|Numéro de publication||US5147238 A|
|Type de publication||Octroi|
|Numéro de demande||US 07/611,998|
|Date de publication||15 sept. 1992|
|Date de dépôt||9 nov. 1990|
|Date de priorité||9 nov. 1990|
|État de paiement des frais||Payé|
|Numéro de publication||07611998, 611998, US 5147238 A, US 5147238A, US-A-5147238, US5147238 A, US5147238A|
|Inventeurs||William J. Kelley, Howard R. Stern|
|Cessionnaire d'origine||Mattel, Inc.|
|Exporter la citation||BiBTeX, EndNote, RefMan|
|Citations de brevets (15), Référencé par (31), Classifications (12), Événements juridiques (4)|
|Liens externes: USPTO, Cession USPTO, Espacenet|
1. Field of the Invention
This invention relates to toys and, more particularly, to a toy doll which simulates the movements of a person tap dancing.
2. History of the Prior Art
There have been many dolls devised over the years which have included mechanical arrangements for simulating movements of humans or animals. Attempts at such simulation have ranged from the crude to the much more sophisticated. In general, such toys have been capable of simulating a single action of the particular living being. For example, a dancing doll might simulate the movement of a leg of a person while a talking doll might simulate the movement of a mouth and include some sound mechanism. Some dolls have been capable of more than one mechanical action; but, in general, these dolls have been sensitive to handling and easily broken.
It is, therefore, an object of the present invention to provide a doll capable of simulating simultaneously a number of the movements of a tap dancer.
It is another, more specific, object of the present invention to provide a toy doll capable of simultaneously tapping its shoes while moving its hips, arms, and head in motions simulating those of a tap dancer.
These and other objects of the present invention are realized in a doll comprising a torso, a pair of arms rotatably joined to the torso, a pair of legs rotatably fixed to the torso, a pair of feet rotatably fixed to the legs, means within each of the legs for raising the feet, and means actuated by movement of the arms for actuating the means within each of the legs for raising the feet.
These and other objects and features of the invention will be better understood by reference to the detailed description which follows taken together with the drawings in which like elements are referred to by like designations throughout the several views.
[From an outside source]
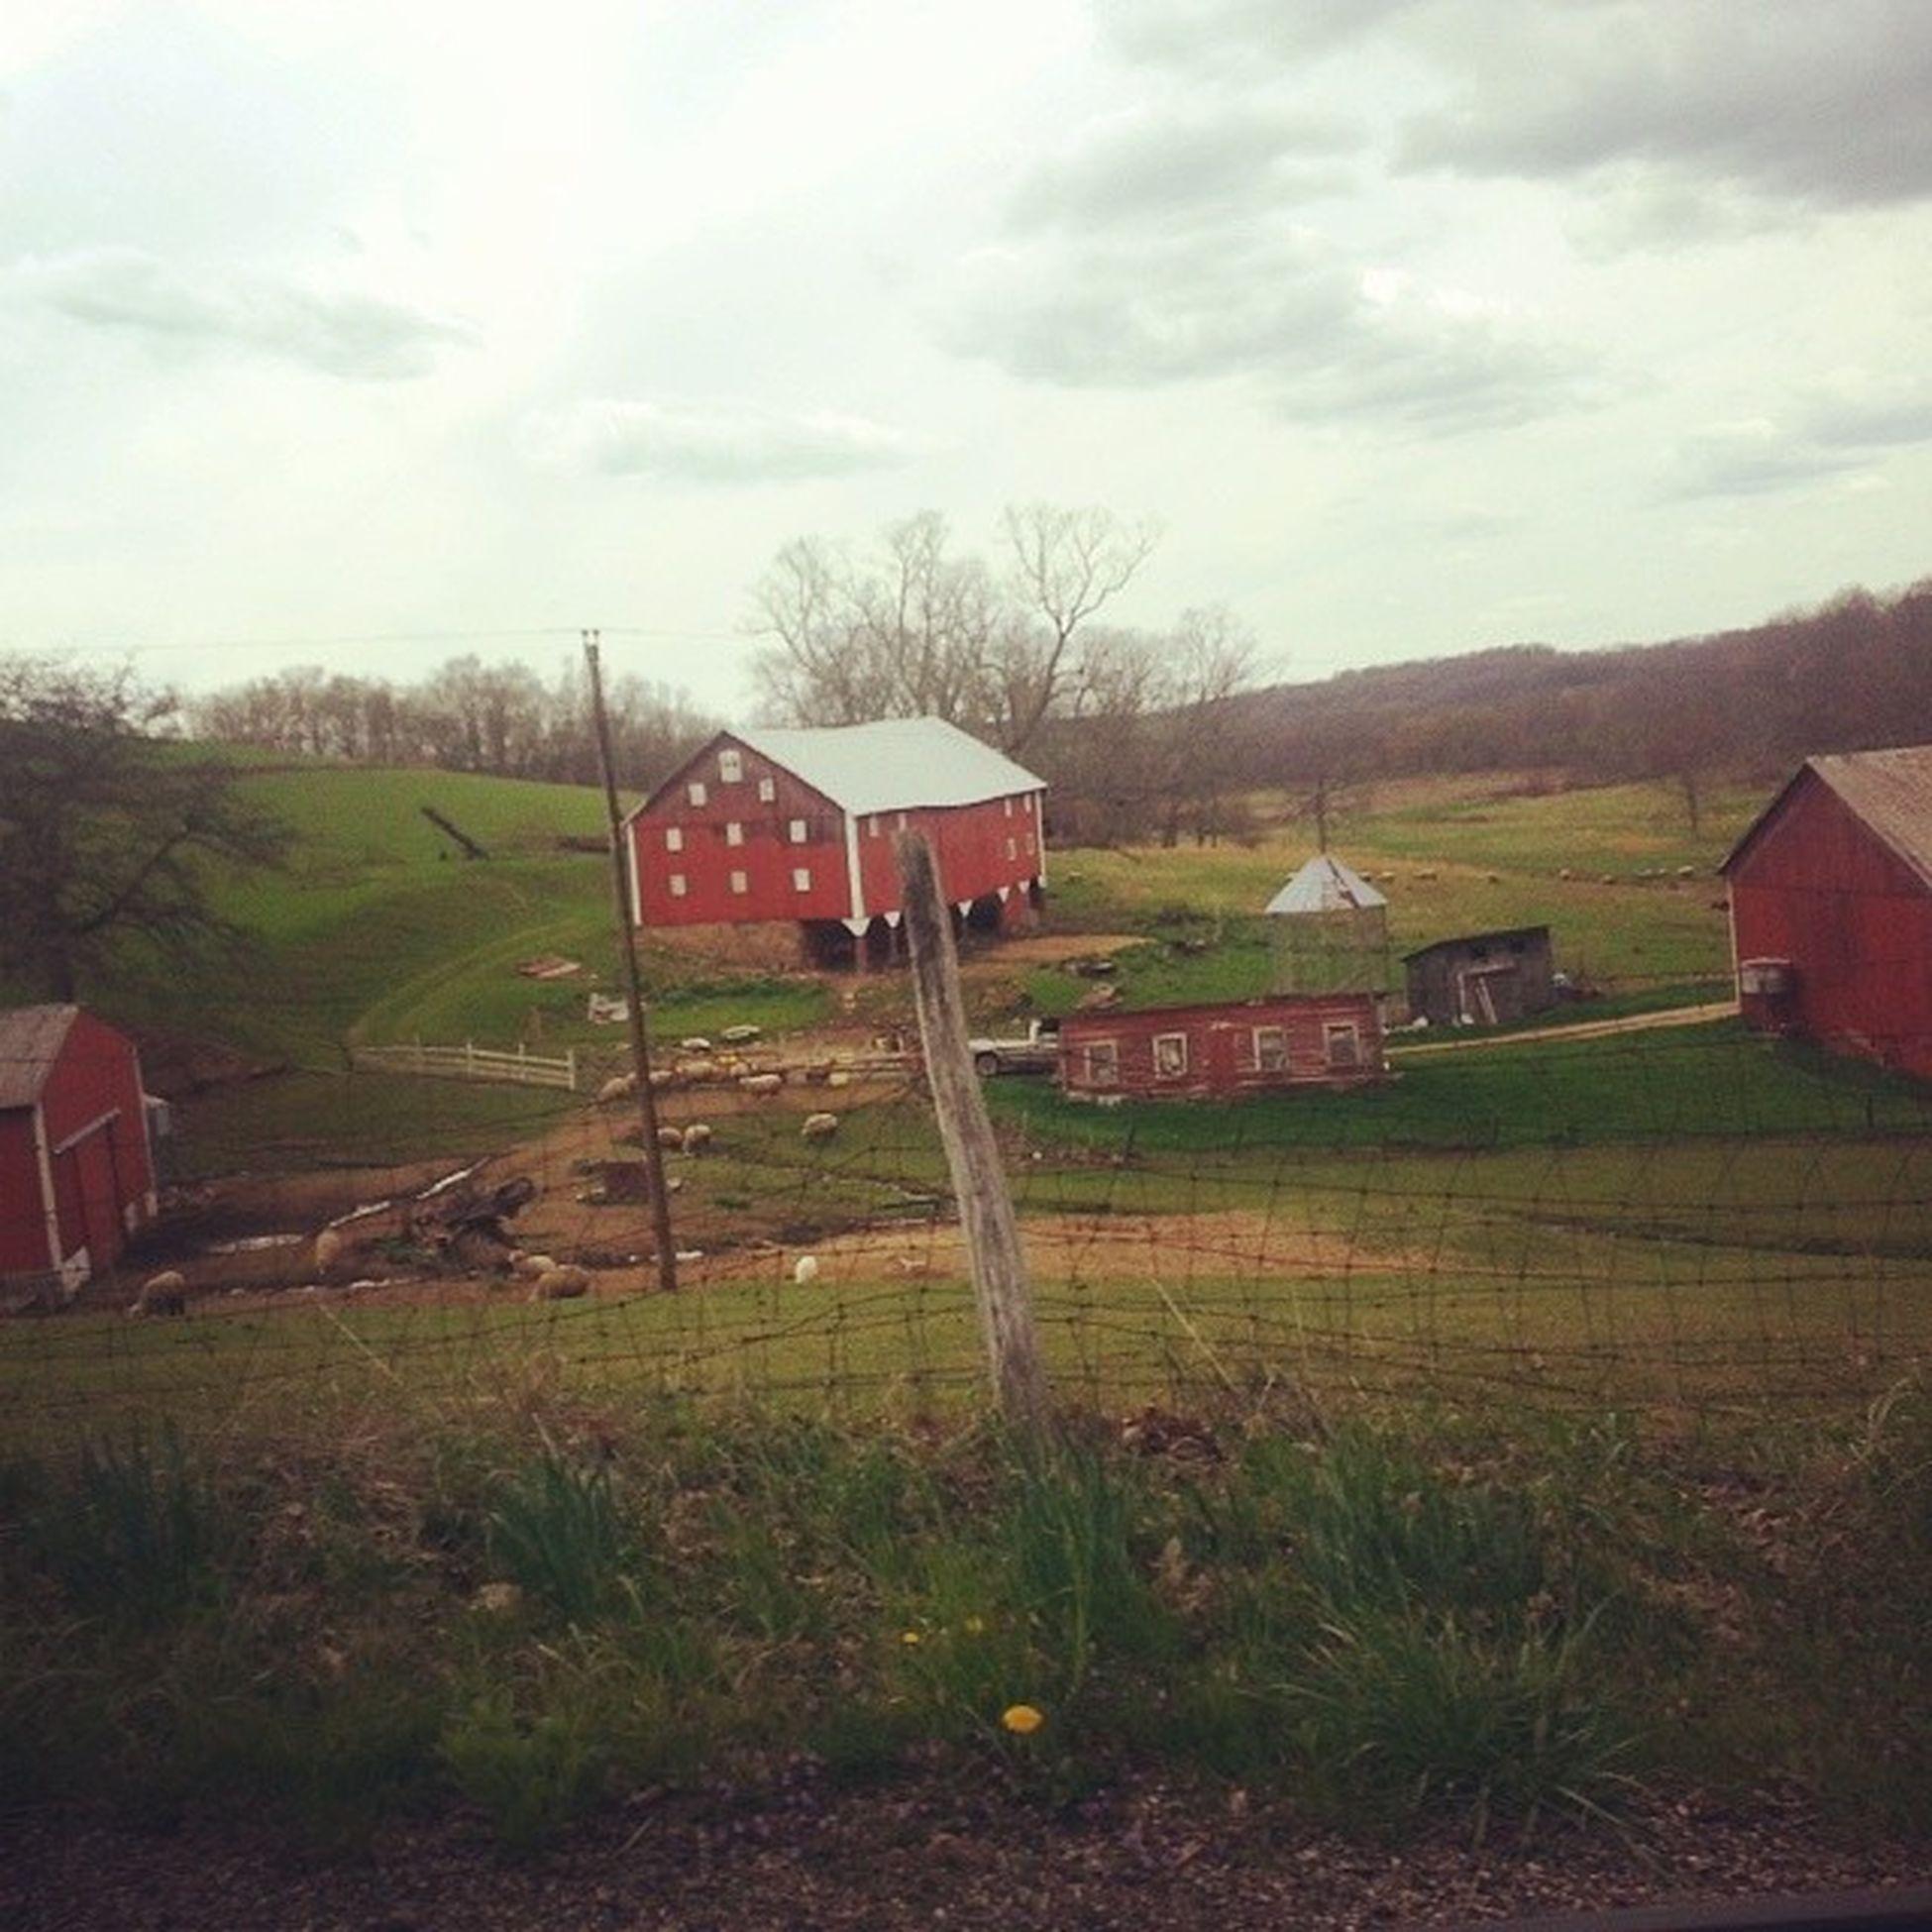 On a random Sunday drive I came across some really pretty scenes. Malvern Ohio Farms OhioFarms Landscapes Barn OhioBarns
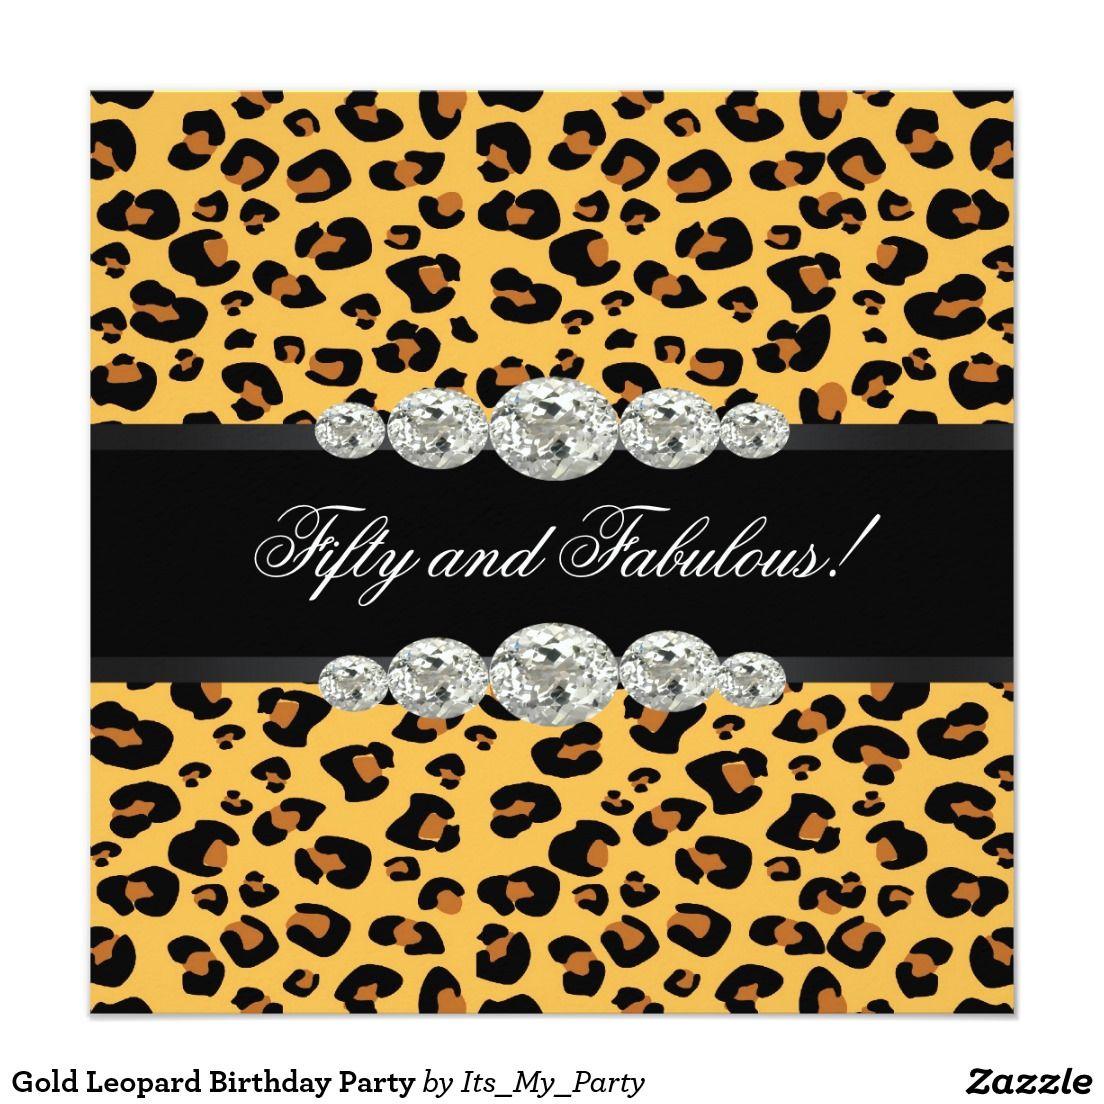 Gold Leopard Birthday Party Card | Leopard birthday parties, Leopard ...

FIG. 1 is an isometric drawing of a doll constructed in accordance with the present invention.
FIG. 2 is a front cross-sectional view of the doll illustrated in Figure 1 taken along the line 2--2.
FIG. 3 is a side cross-sectional view of the doll illustrated in FIG. 1 taken along the line 3--3.
FIG. 4 is a detail of the illustration shown in FIG. 2.
Referring now to FIG. 1, there is illustrated a toy doll 10 constructed in accordance with the invention. The doll 10 has a main body or torso portion 11, a pair of arms 12 and 13, a head 14 supported by a neck 15, a pair of legs 17 and 18, and feet 20 and 21. A mechanism (not shown in FIG. 1) is included within the main body portion 11 which causes the doll 10 to move individual parts either individually or simultaneously. The mechanism is adapted to caused the feet 20 and 21 to appear to tap against a horizontal surface upon which the doll 10 is positioned at the same time that sounds simulating the tapping are emitted. The mechanism is actuated by the arms 12 and 13 which move as illustrated by the arrows in FIG. 1 so that the doll 10 appears to be balancing while tapping. The internal mechanism also causes the head 14 to rock from side to side relative the shoulders of the doll 10 when the legs of the doll are moved where they join the torso to simulate the swaying motion of the head of a human when tap dancing. The mechanism is arranged to control the movement of the legs 17 and 18 where they join the torso 11 so that the hips may be made to appear to sway as the doll 10 dances. These individual movements are thus such that when coordinated with the other possible simultaneous movements, the doll 10 appears to be tap dancing.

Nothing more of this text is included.